/---

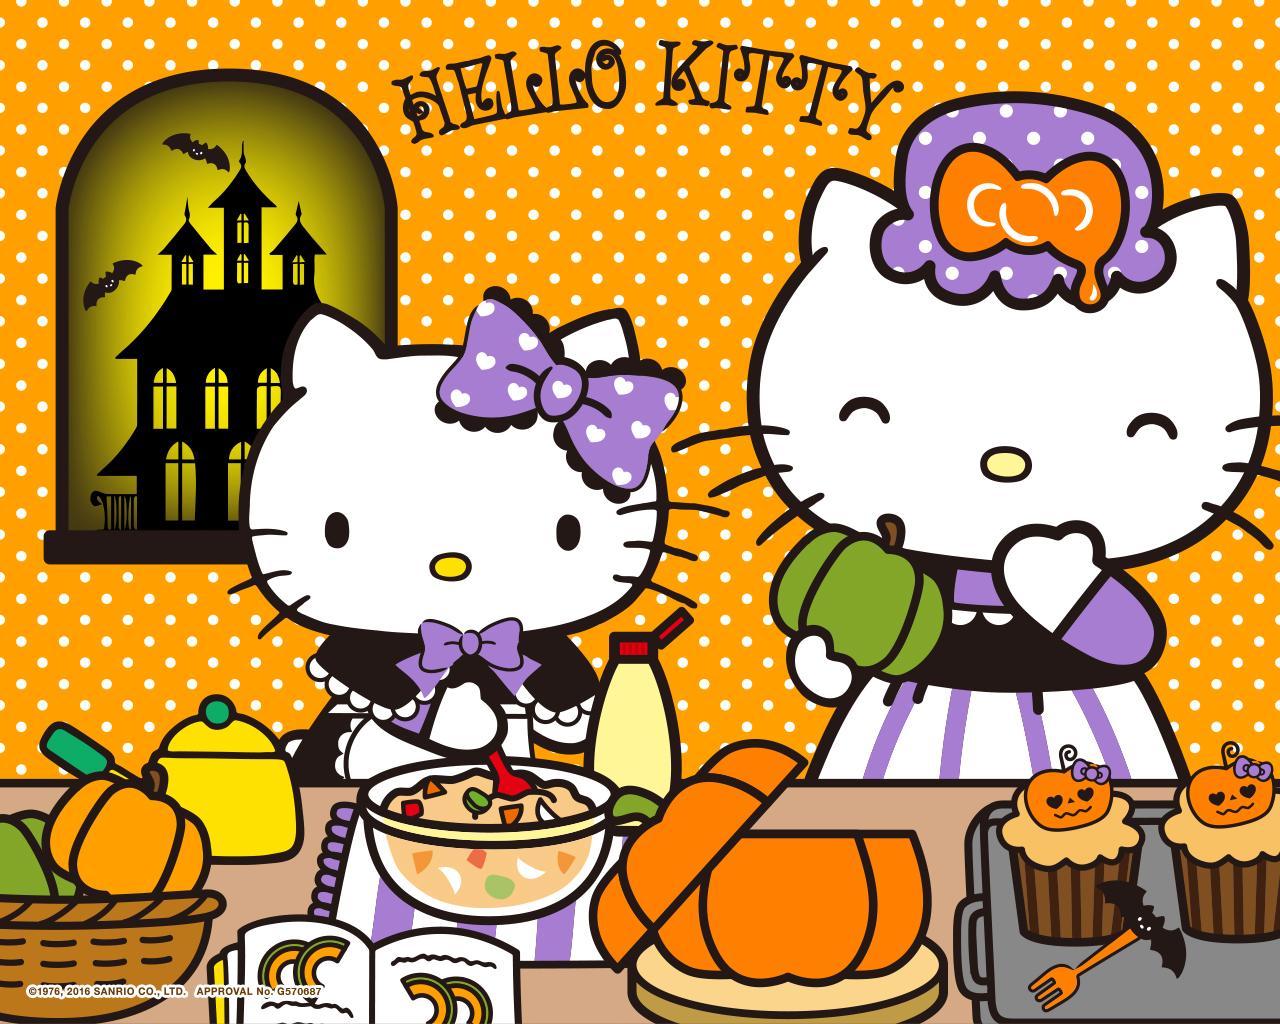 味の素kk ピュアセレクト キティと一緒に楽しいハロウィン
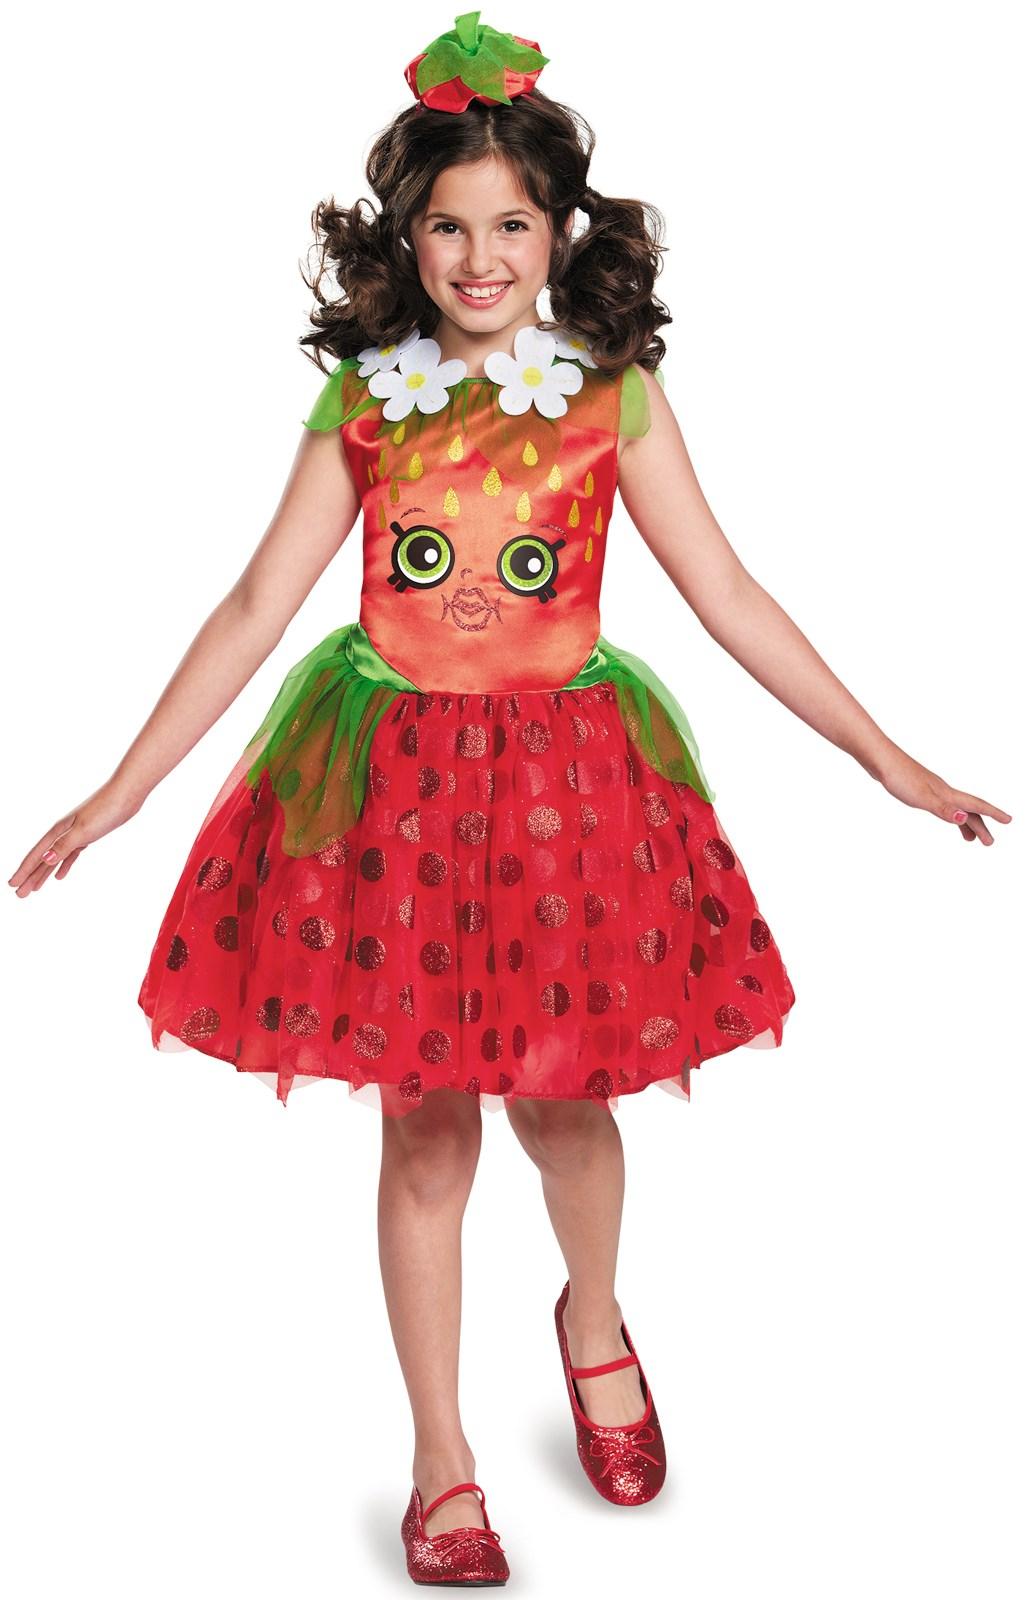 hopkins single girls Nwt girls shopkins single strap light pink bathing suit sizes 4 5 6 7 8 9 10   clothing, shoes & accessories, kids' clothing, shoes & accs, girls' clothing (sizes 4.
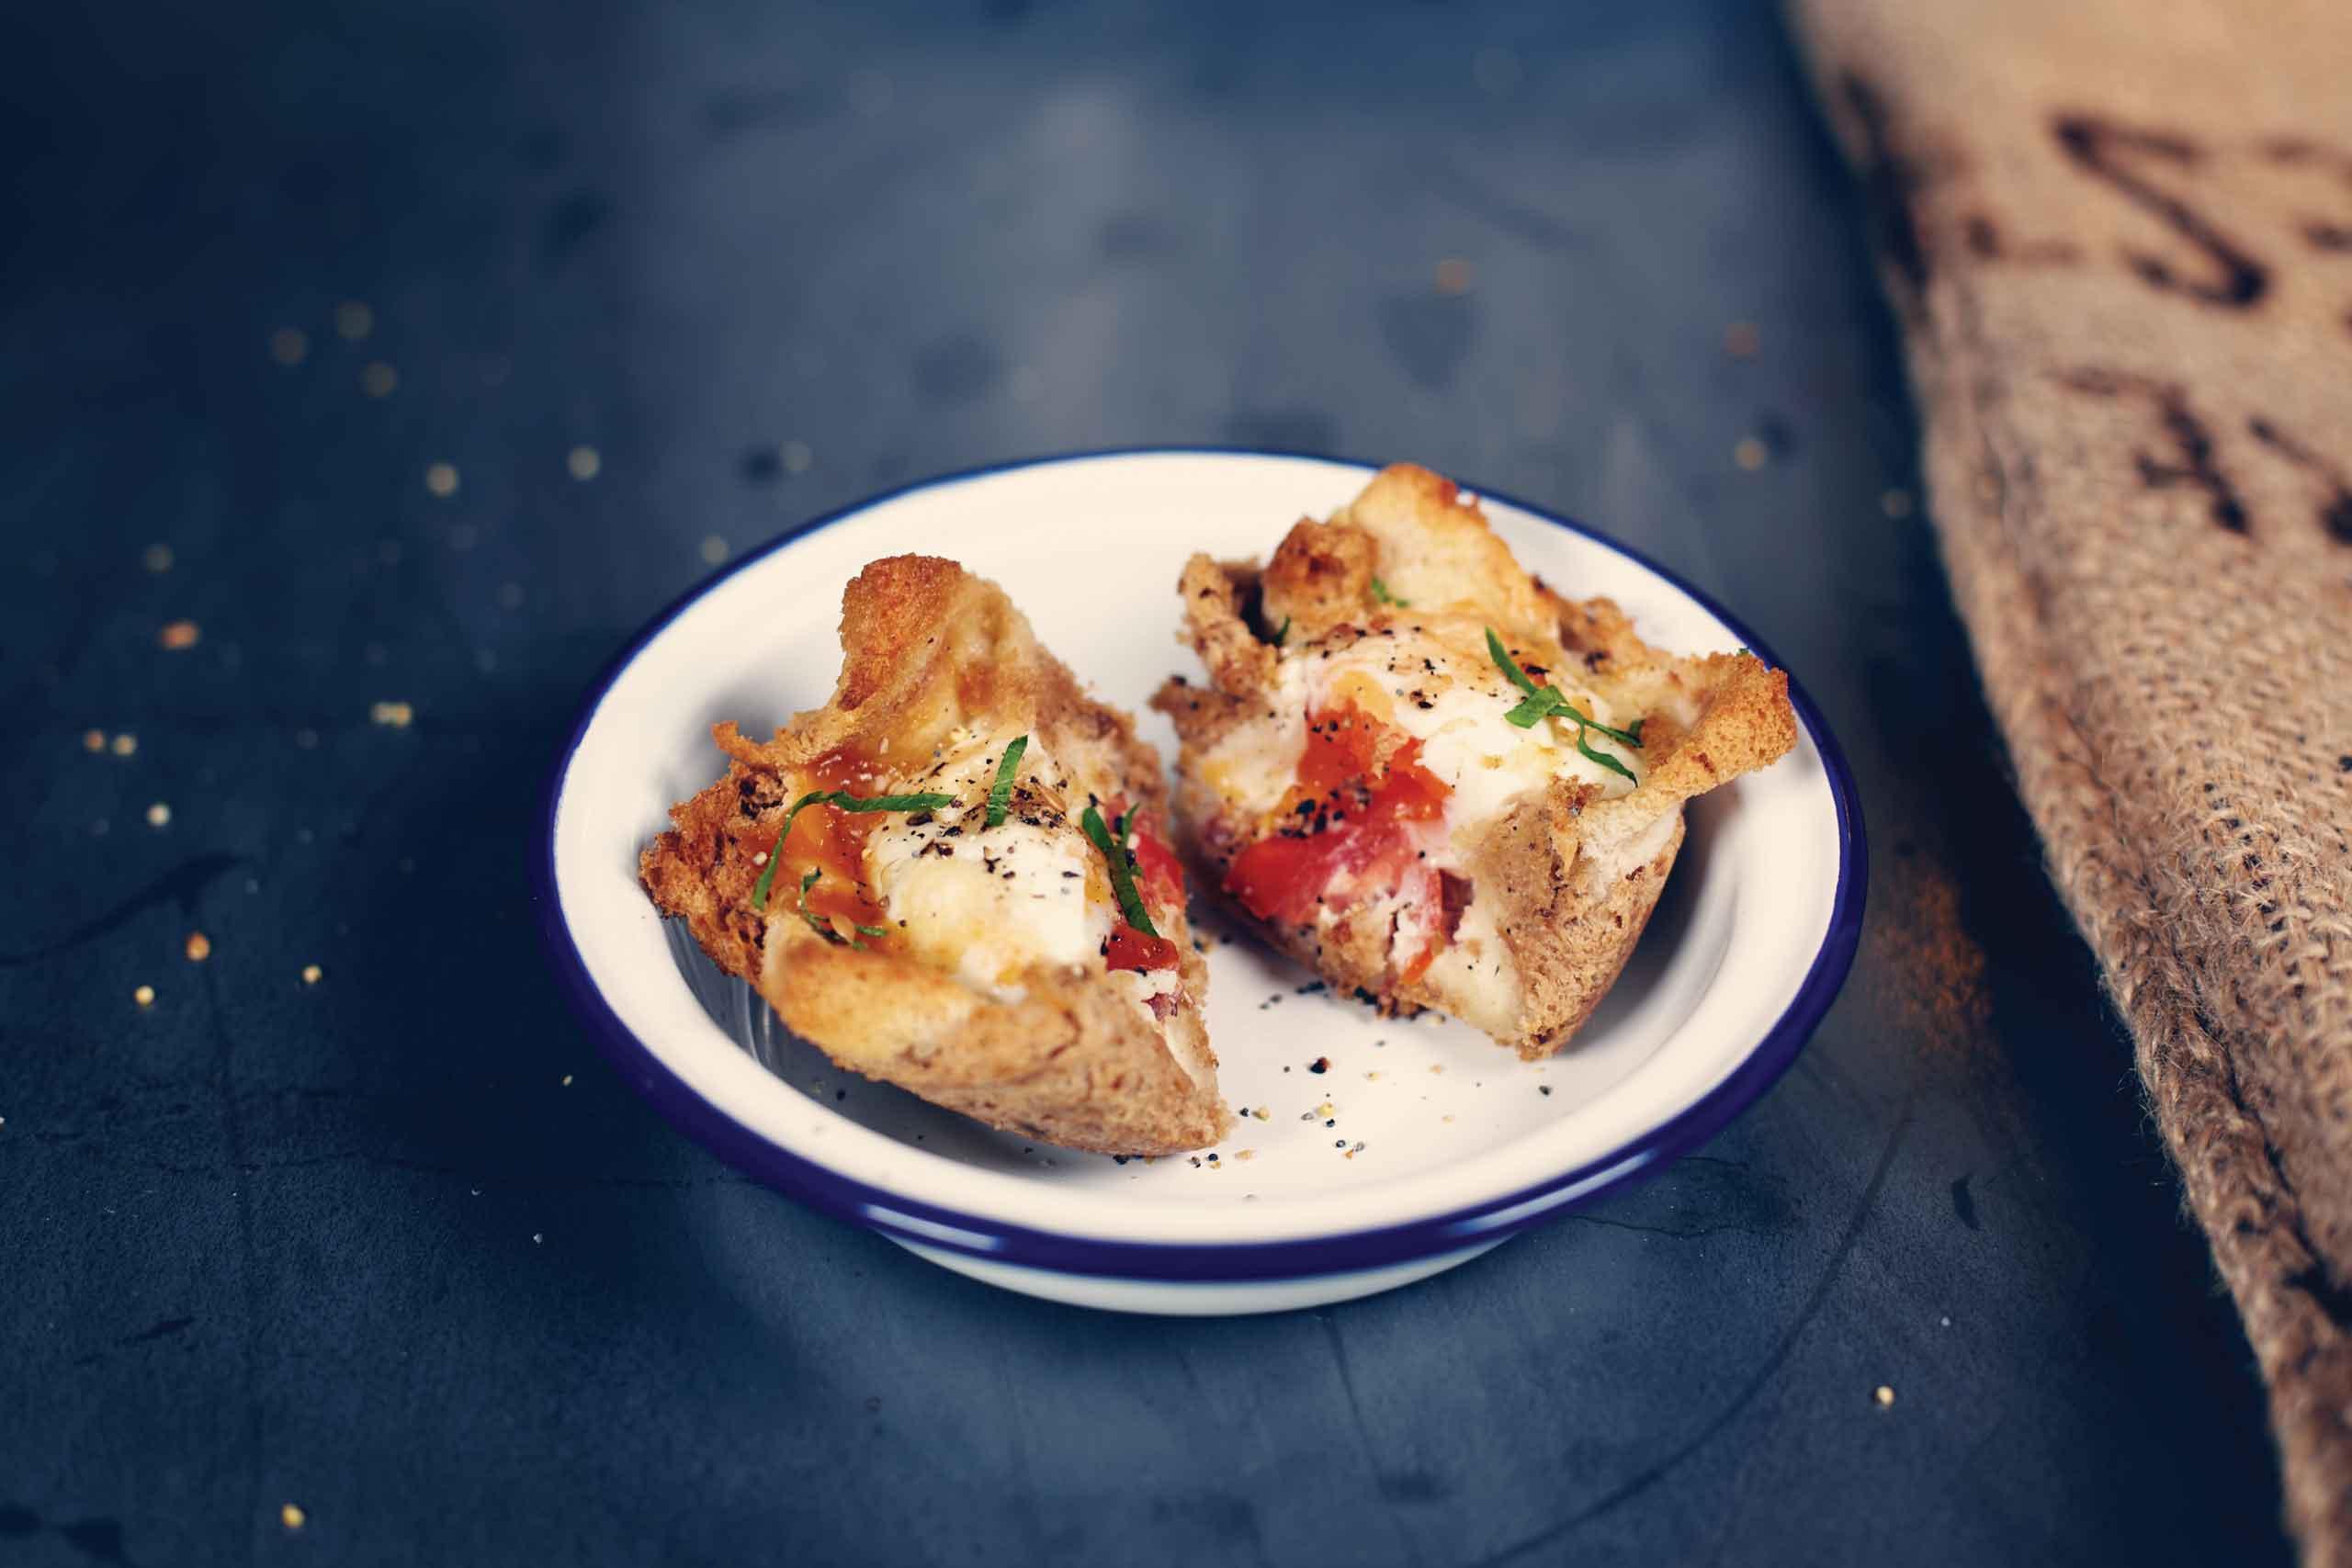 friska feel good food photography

\---

## Action item
Going from the line that holds "hopkins single girls" to the end of the listing above, copy each line exactly and nothing more, leaving pictures aside.

## Written solution
 hopkins single girls Nwt girls shopkins single strap light pink bathing suit sizes 4 5 6 7 8 9 10   clothing, shoes & accessories, kids' clothing, shoes & accs, girls' clothing (sizes 4.
 friska feel good food photography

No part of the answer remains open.